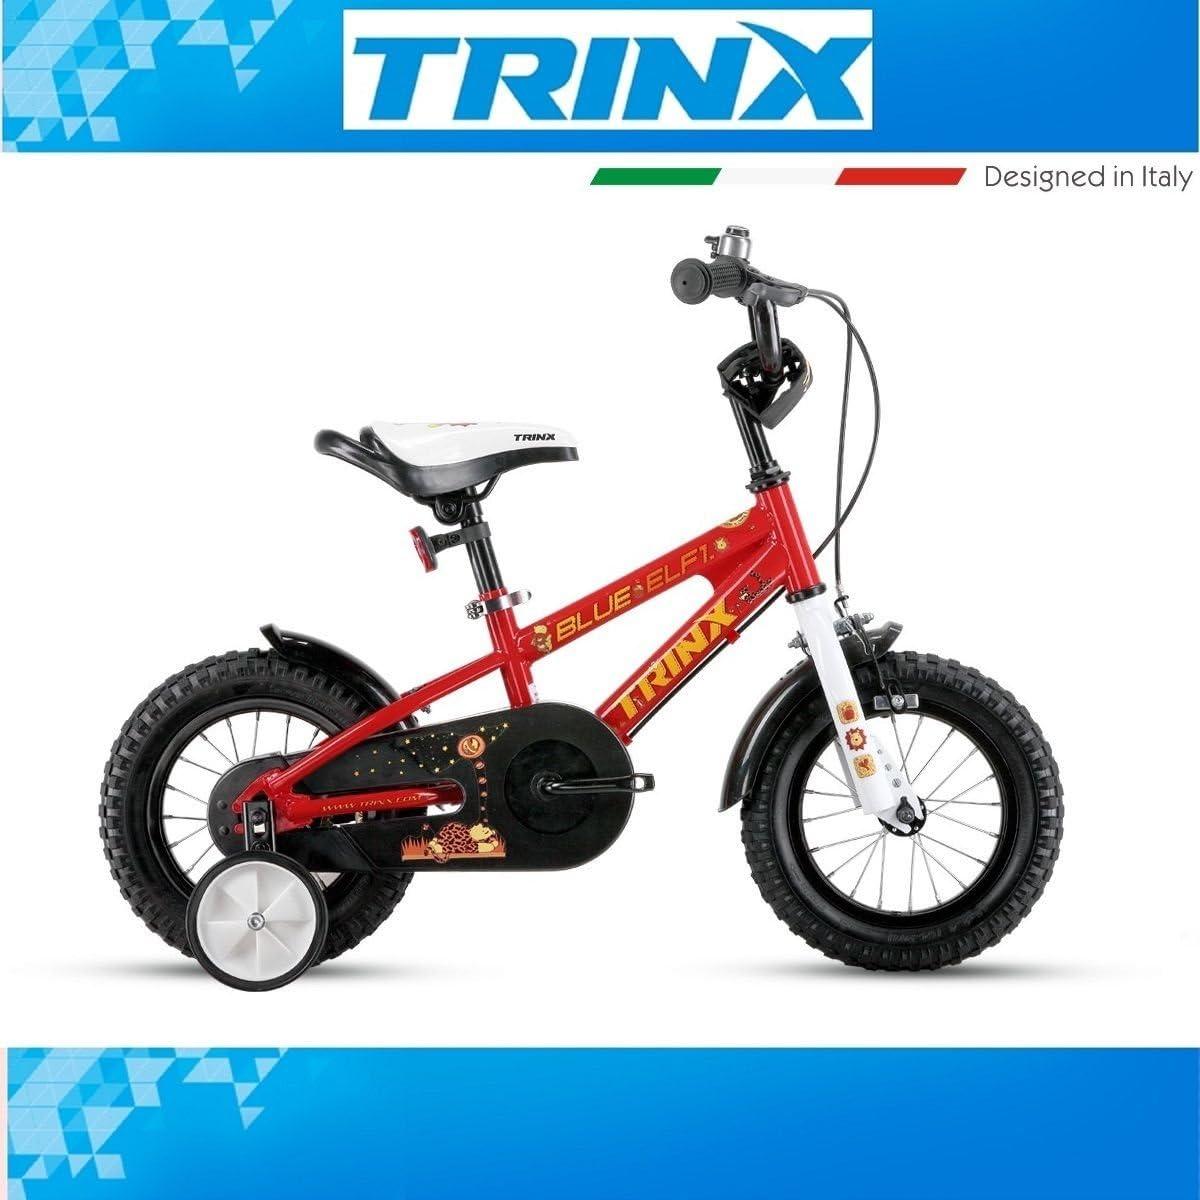 Bicicleta Niños trinx Blue Elf 1.0 Rojo 12 pulgadas ruedines cesta ...
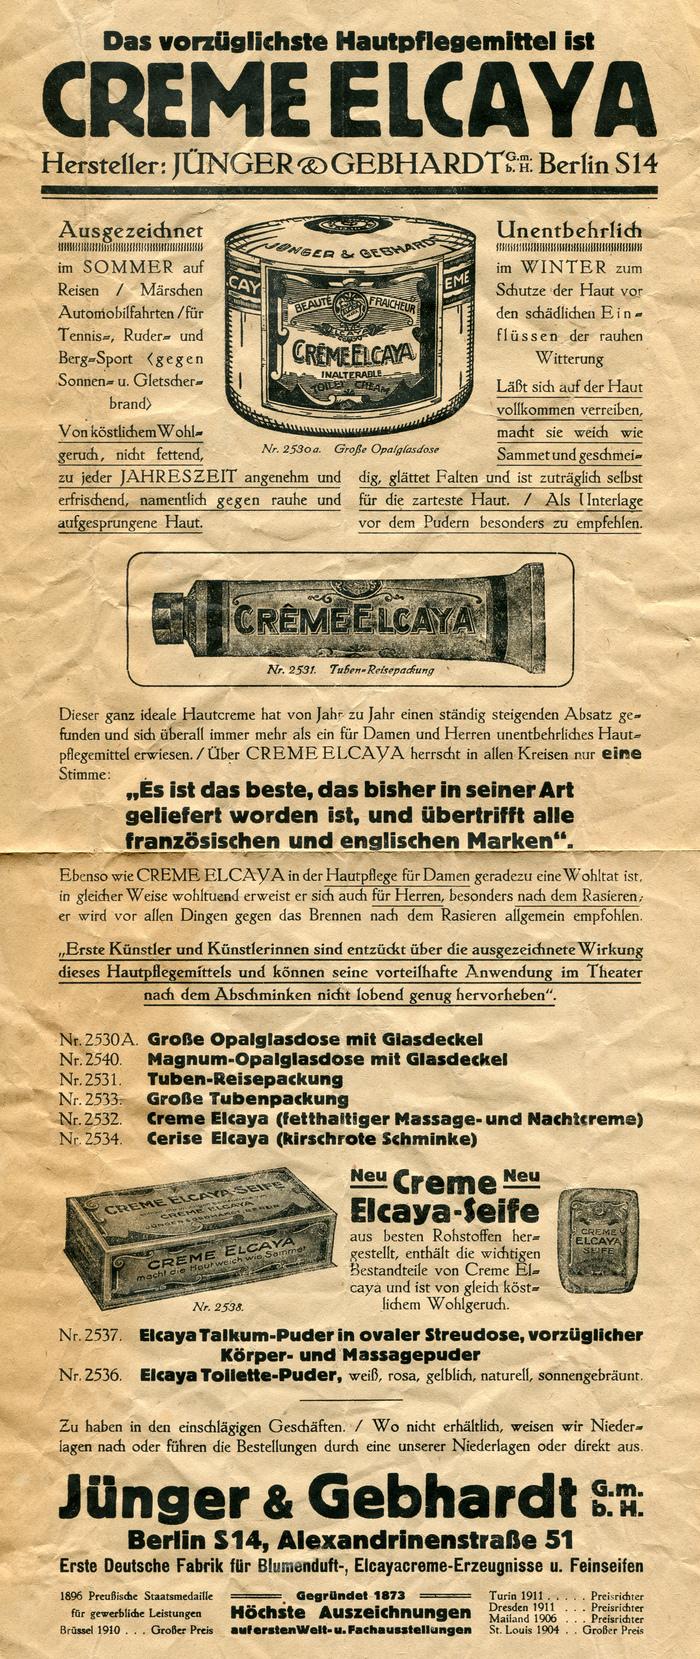 Creme Elcaya ad by Jünger & Gebhardt
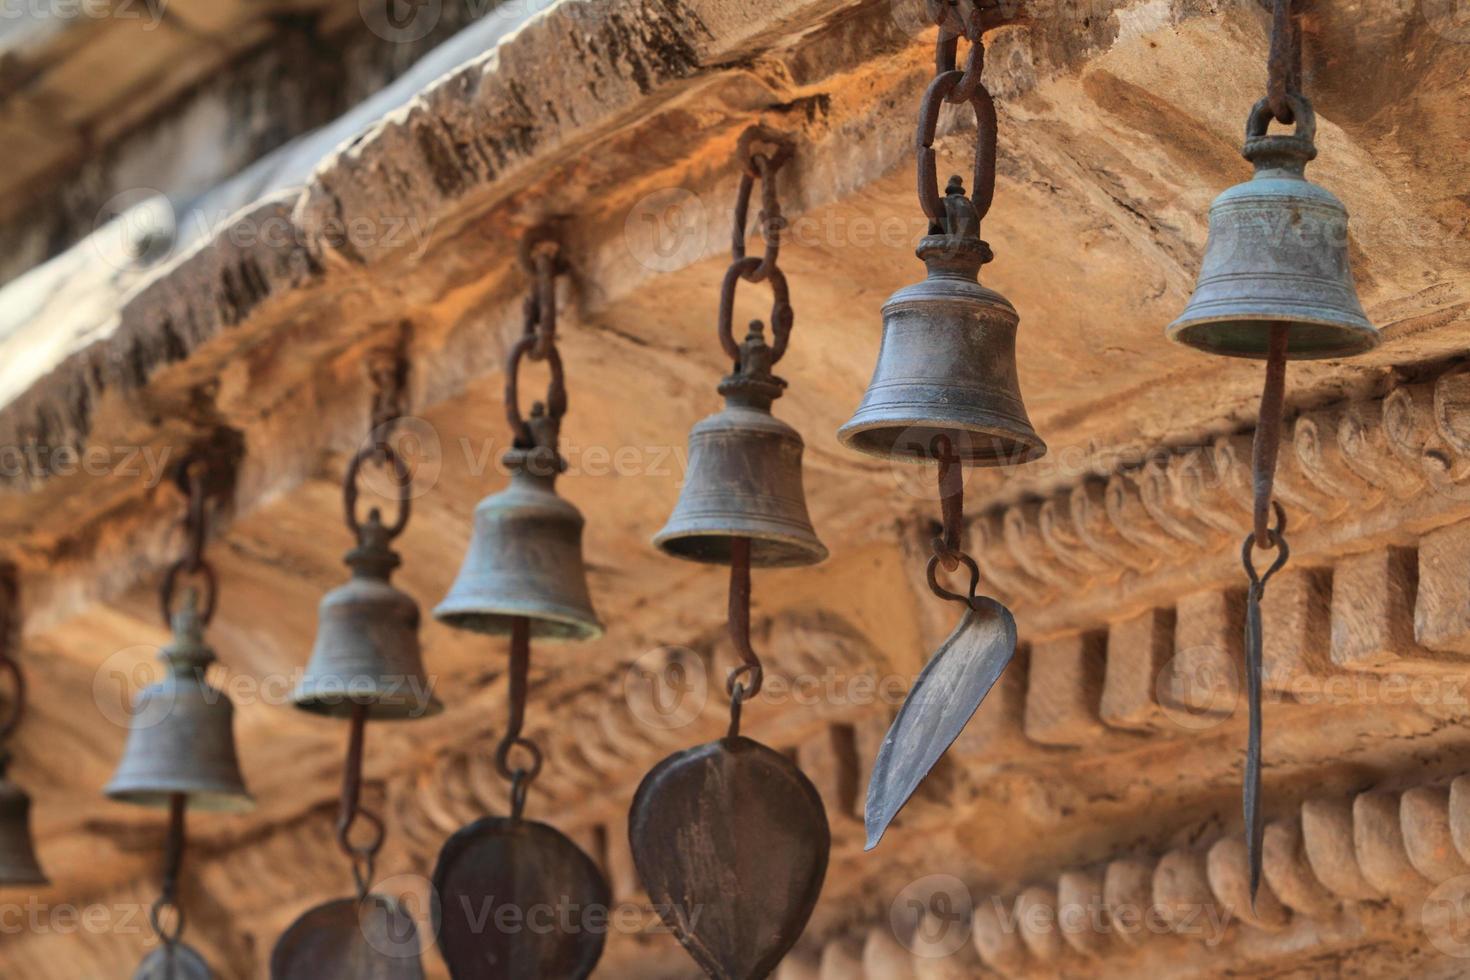 Glocken photo
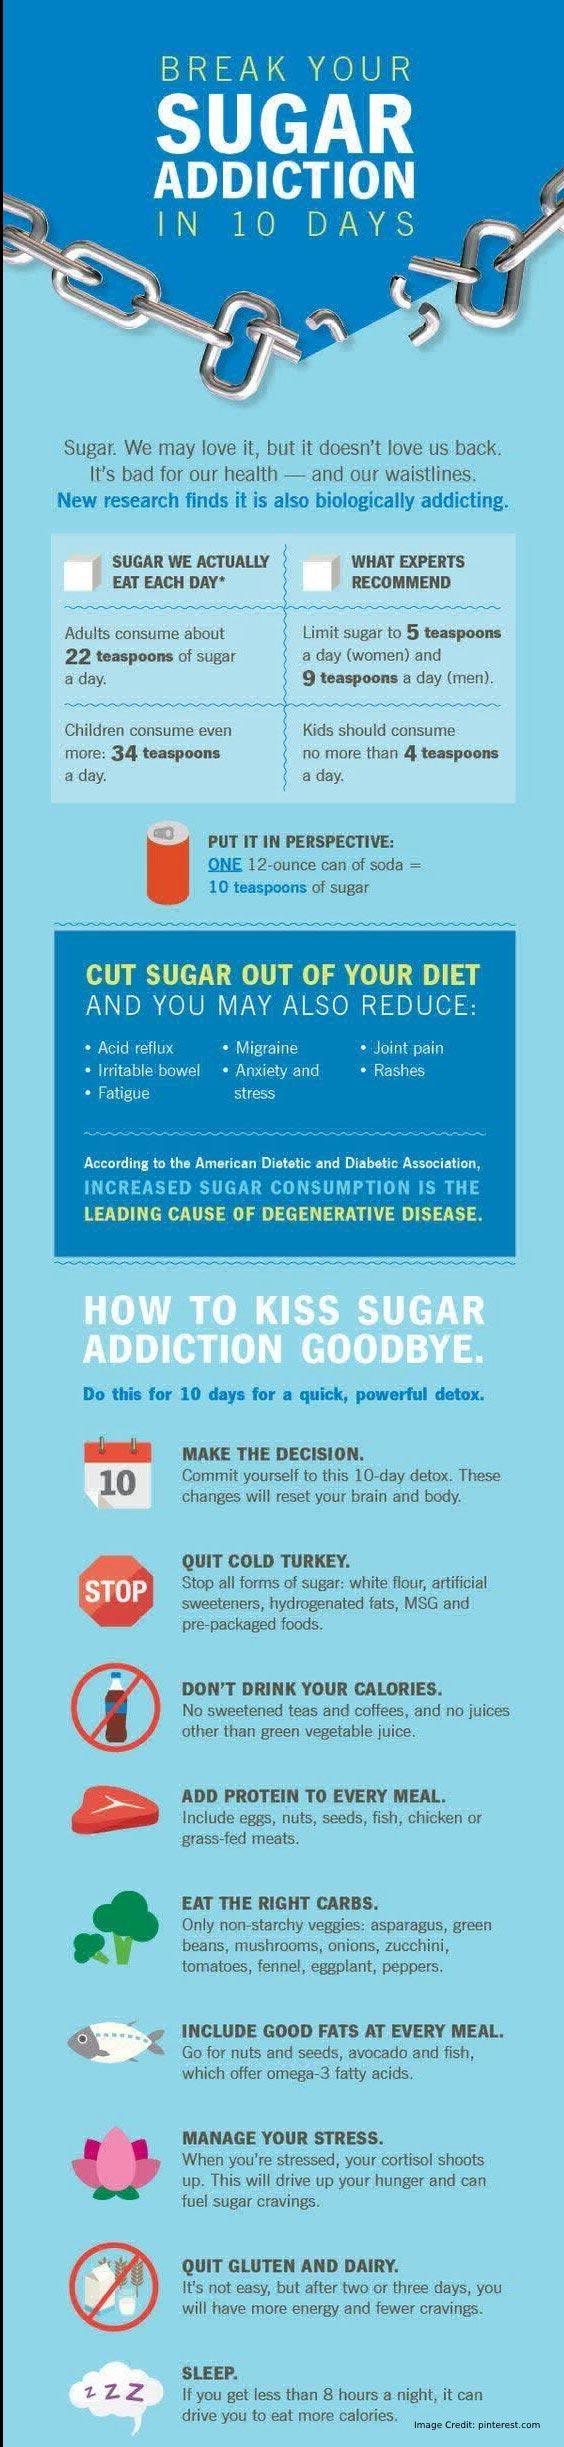 Sugar Addiction Info
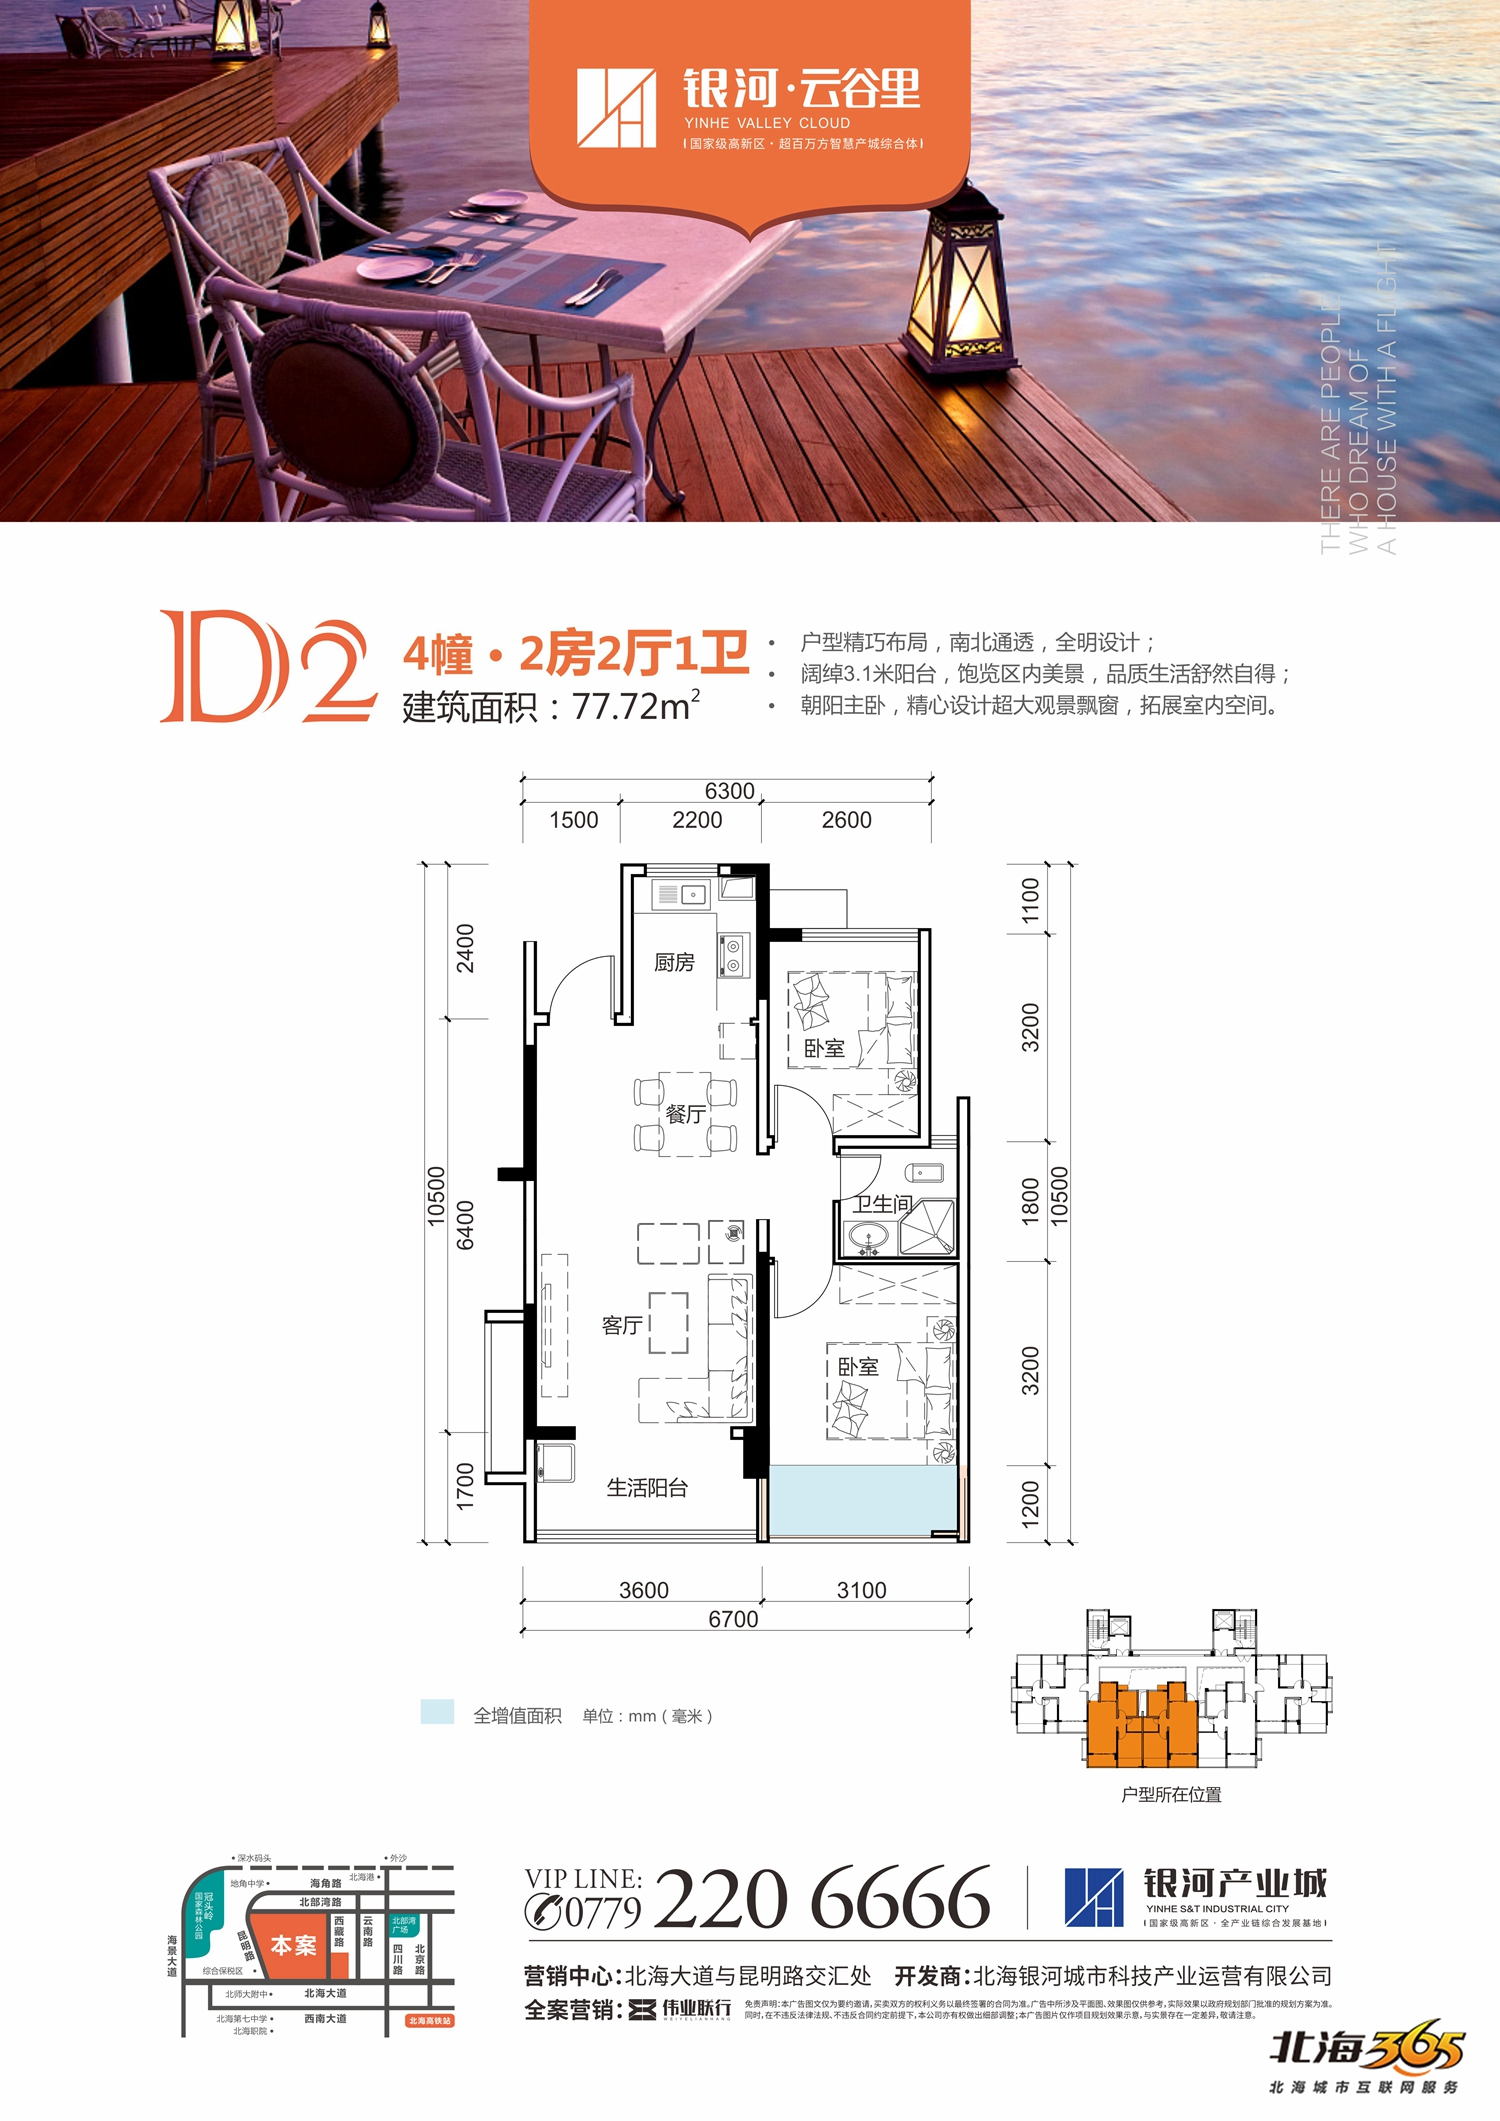 D2-4幢-2房2厅1卫

• Activity: The whole listing is to be written out exactly; the pictures stay out of the copy.

• Output below:
 Bicicleta Niños trinx Blue Elf 1.0 Rojo 12 pulgadas ruedines cesta ...
 Creme Elcaya ad by Jünger & Gebhardt
 Glocken photo
 Sugar Addiction Info
 D2-4幢-2房2厅1卫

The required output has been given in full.